Europe must prevent contagion, says David Cameron


David Cameron has called for tough action to prevent Greek debt turmoil spreading as City analysts warned that today's £110 billion bailout does not spell the end of the "crisis marathon".

The Prime Minister said Europe must focus on creating a firewall capable of preventing contagion within the eurozone after a second massive rescue package for the debt-laden country was finally delivered.

European ministers cautiously welcomed the deal but it has been dismissed by some experts as undeliverable.

At a press conference in Downing Street Mr Cameron said: "Greece has made its choice and we now have to focus on the next step, which is constructing a firewall which is large enough to prevent contagion within the eurozone."

Eurozone governments approved the the rescue package for the ailing nation following more than 12 hours of talks in Brussels.

But the deal is based on long-range forecasts of Greek's best-case scenario for slashing its debts over the next eight years and forthcoming elections in the country will make it politically difficult to keep on track.

Chancellor George Osborne insisted the bailout was good for Britain and would "hopefully" allow Europe to "move on".

He said: "Of course, resolving the Greek situation is only part of resolving the eurozone crisis, but I think we took a really significant step towards that last night and that is good for Britain, because resolving the eurozone crisis would be the biggest boost that Britain could get for its economy this year."

The Chancellor described the package as the "crucial missing ingredient" in securing a sustainable debt position for Greece.

"The other significant point about last night's deal was that the rest of the eurozone signalled a willingness to stand behind their currency and stand behind Greece and frankly, all along, the failure to deal with the Greek situation has caused uncertainty," he added.

City analysts were less enthusiastic about the long-term prospects of the bailout.

Carsten Brzeski, analyst at ING Bank, said: "It looks like a deal, it walks like a deal, it is almost a deal.
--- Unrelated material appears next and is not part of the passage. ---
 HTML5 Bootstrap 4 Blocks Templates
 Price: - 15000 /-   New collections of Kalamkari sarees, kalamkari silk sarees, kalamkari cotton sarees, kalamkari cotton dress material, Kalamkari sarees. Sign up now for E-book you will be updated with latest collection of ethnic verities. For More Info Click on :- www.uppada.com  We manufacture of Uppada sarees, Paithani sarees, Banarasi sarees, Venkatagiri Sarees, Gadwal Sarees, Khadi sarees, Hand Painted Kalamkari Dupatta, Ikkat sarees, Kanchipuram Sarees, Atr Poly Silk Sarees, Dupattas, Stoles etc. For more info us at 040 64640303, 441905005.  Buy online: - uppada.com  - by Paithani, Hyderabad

Last night's eurogroup meeting has paved the way for a second Greek bailout but the crisis marathon is not over."

Michael Hewson, senior market analyst at trader CMC Markets, said the "can has just been kicked a little further".

He added: "Churchill said, 'Now this is not the end. It is not even the beginning of the end. But it is, perhaps, the end of the beginning'. Greece has still got some way to go."

In return for the latest 130 billion euro (£110 billion) bailout and a private creditor debt write-off worth about another 100 billion euro (£84 billion), the Greek government has pledged to implement fully a severe austerity package of pay, pension and jobs cuts, as well as finding savings of 325 million euro (£270 million) in this year's national budget.

It follows the 110 billion euro (£91 billion) bailout from the EU and IMF in 2010, which failed to lift the nation out of crisis.

Asked whether the UK would be liable for a share of the new package through its contributions to the IMF, Mr Cameron's official spokesman said: "We have not agreed to anything.

"This was a eurozone agreement and there is no proposal on the table for additional IMF support."

European Commission president Jose Manuel Barroso said the bailout "closes the door on the scenario of an uncontrolled default".

He added: "There is no alternative to fiscal consolidation and to structural reform in Greece if Greece wants to regain competitiveness so that it can once again generate growth and jobs.

"I think this message has to be clear and the best way of showing our solidarity with Greece is to speak the truth."

At bilateral talks Mr Cameron and Spanish counterpart Mariano Rajoy united to push for action on growth in the European Union.

Both leaders were among the signatories on a letter from 12 members states calling for "bold decisions" at next week's summit to rebuild confidence among citizens and businesses.

The PM said a "very strong collection" of countries was backing the letter but indicated he was keen for eurozone powerhouses France and Germany to throw their weight behind the plans.

"It's obviously completely open to the French and the Germans to support this letter," he said.

"Obviously the more people that support it, the more we will be able to drive that agenda through at the European Council."